[PGNCCL] Fix P2P data corruption in non-blocking mode #138860

kwen2501 · 2024-10-24T22:58:30Z

Stack from ghstack (oldest at bottom):

In non-blocking mode, it seems a single ncclRecv or ncclSend call can "early return" ncclSuccess before the kernel is fully enqueued. This causes the event record below missing the P2P the kernel, leading to data corruption.

Side note: per NCCL, it is legal to call ncclSend or ncclRecv only if there is only one P2P op. This is true whether we are in blocking or non-blocking mode.

In this fix, we use ncclGroup semantics to ensure that the kernel is enqueued for single-P2P ops. The ncclGroup call itself should introduce minimal overhead.

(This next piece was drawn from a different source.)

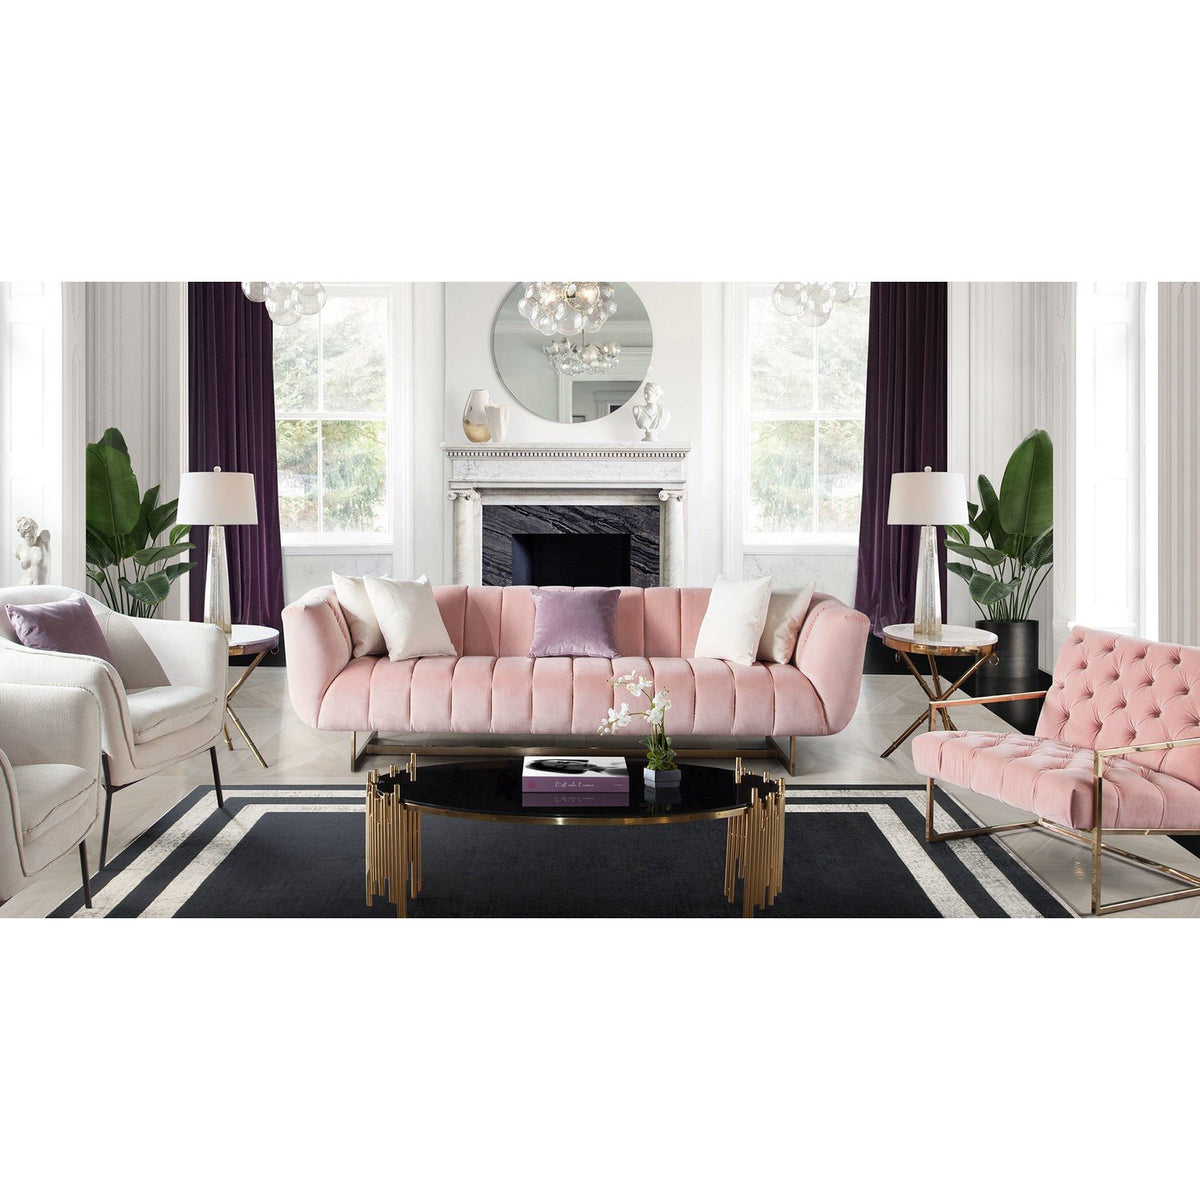 Venus Sofa, Blush - Be Bold Furniture

Added a test test_non_blocking_p2p.

cc @H-Huang @awgu @wanchaol @fegin @fduwjj @wz337 @wconstab @d4l3k @c-p-i-o

[ghstack-poisoned]

pytorch-bot · 2024-10-24T22:58:33Z

🔗 Helpful Links

🧪 See artifacts and rendered test results at hud.pytorch.org/pr/138860

📄 Preview Python docs built from this PR
📄 Preview C++ docs built from this PR
❓ Need help or want to give feedback on the CI? Visit the bot commands wiki or our office hours

Note: Links to docs will display an error until the docs builds have been completed.

✅ No Failures

As of commit f1d6128 with merge base 4c91481 ():
💚 Looks good so far! There are no failures yet. 💚

This comment was automatically generated by Dr. CI and updates every 15 minutes.

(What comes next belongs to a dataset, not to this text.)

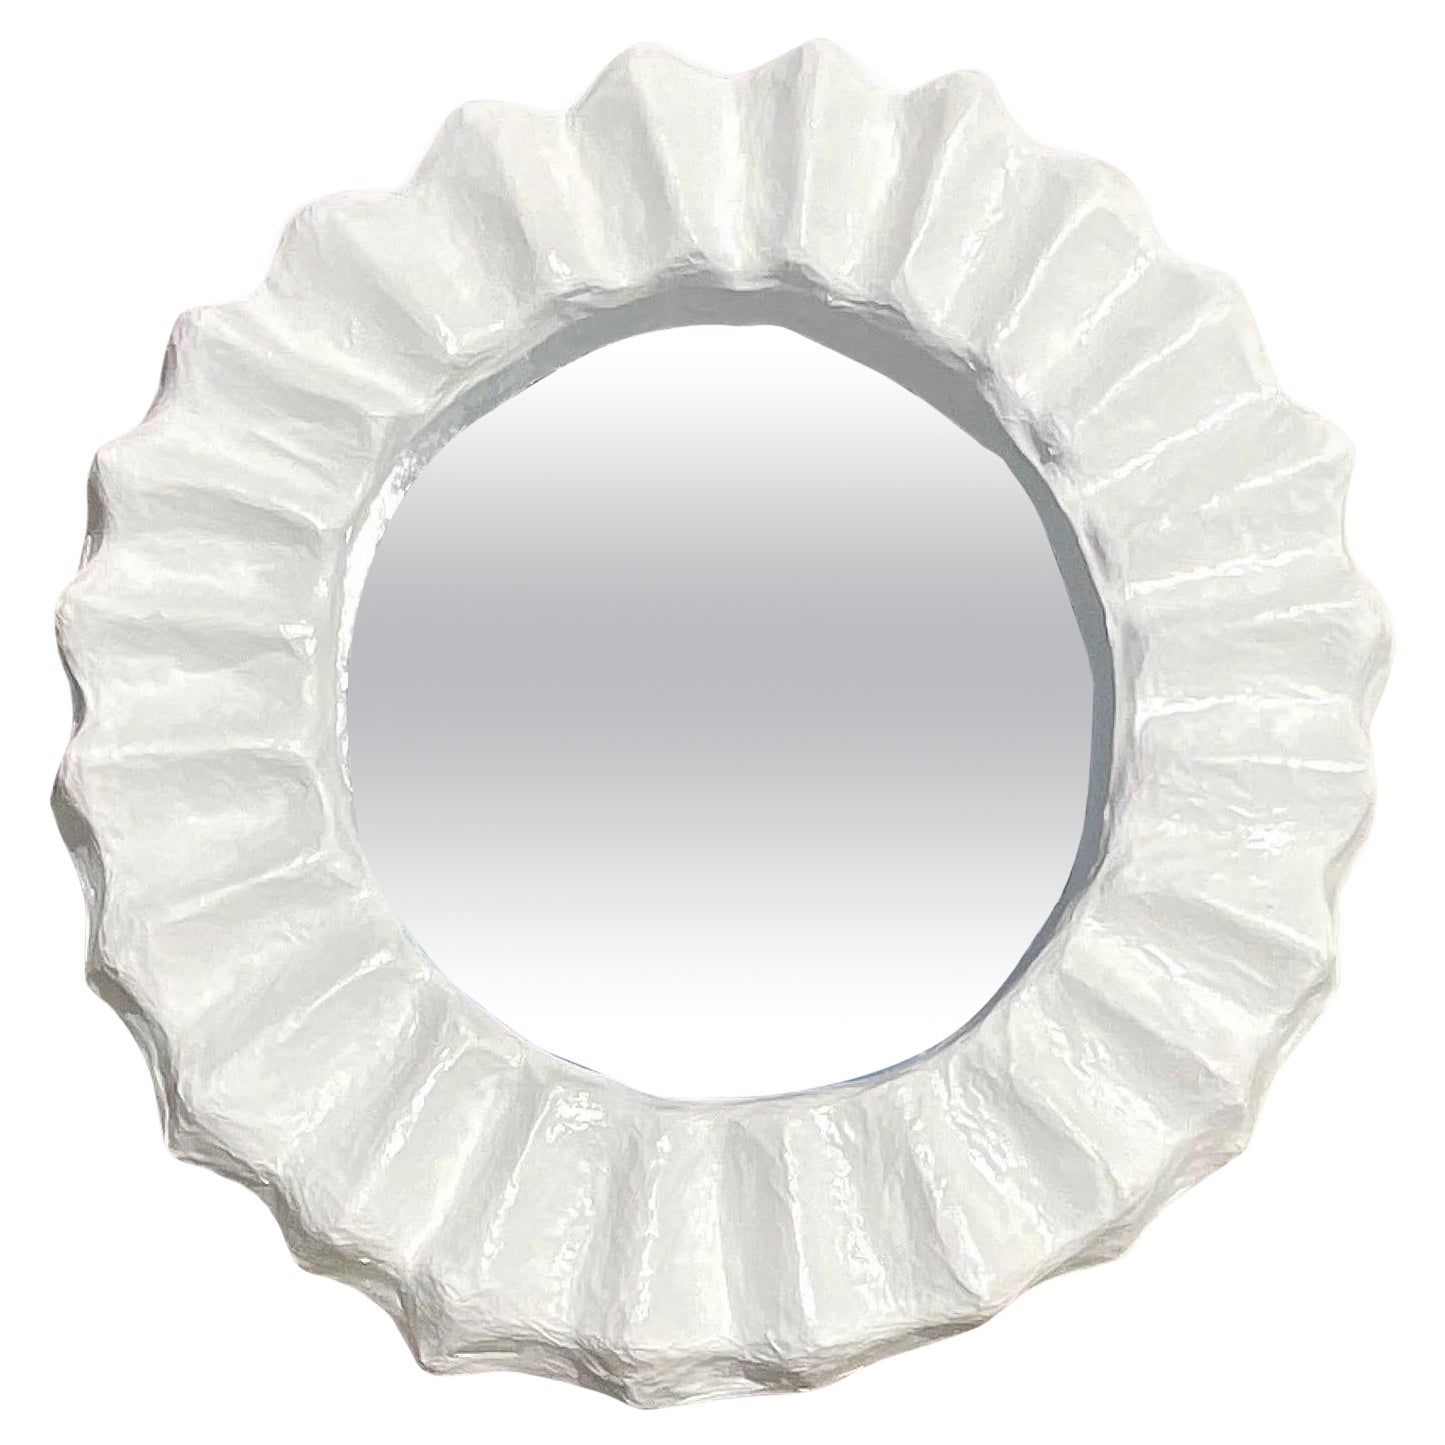 Early 21st Century White Ruffle Frame Mirror

wconstab · 2024-10-24T23:07:08Z

torch/csrc/distributed/c10d/ProcessGroupNCCL.cpp

-      ncclComm->getNcclComm(),
-      ncclComm->getNcclCommFailureReason());
+  // In non-blocking mode, we need to use ncclGroup semantics to ensure that the
+  // kernel is enqueued for single-P2P ops.  Otherwise, the event record below


i don't understand this explanation.

why is this specific to p2p ops? when in non-blocking mode, do all collectives need to be in a 'group' to ensure they are correctly enqueued before the subsequent event record?

I feel we would need better contract / documentation from NCCL in terms of what ncclSuccess means for P2P calls -- i.e. whether kernel is guaranteed to have been enqueued or not. In this instant case, it seems not, so a group call is used to help it.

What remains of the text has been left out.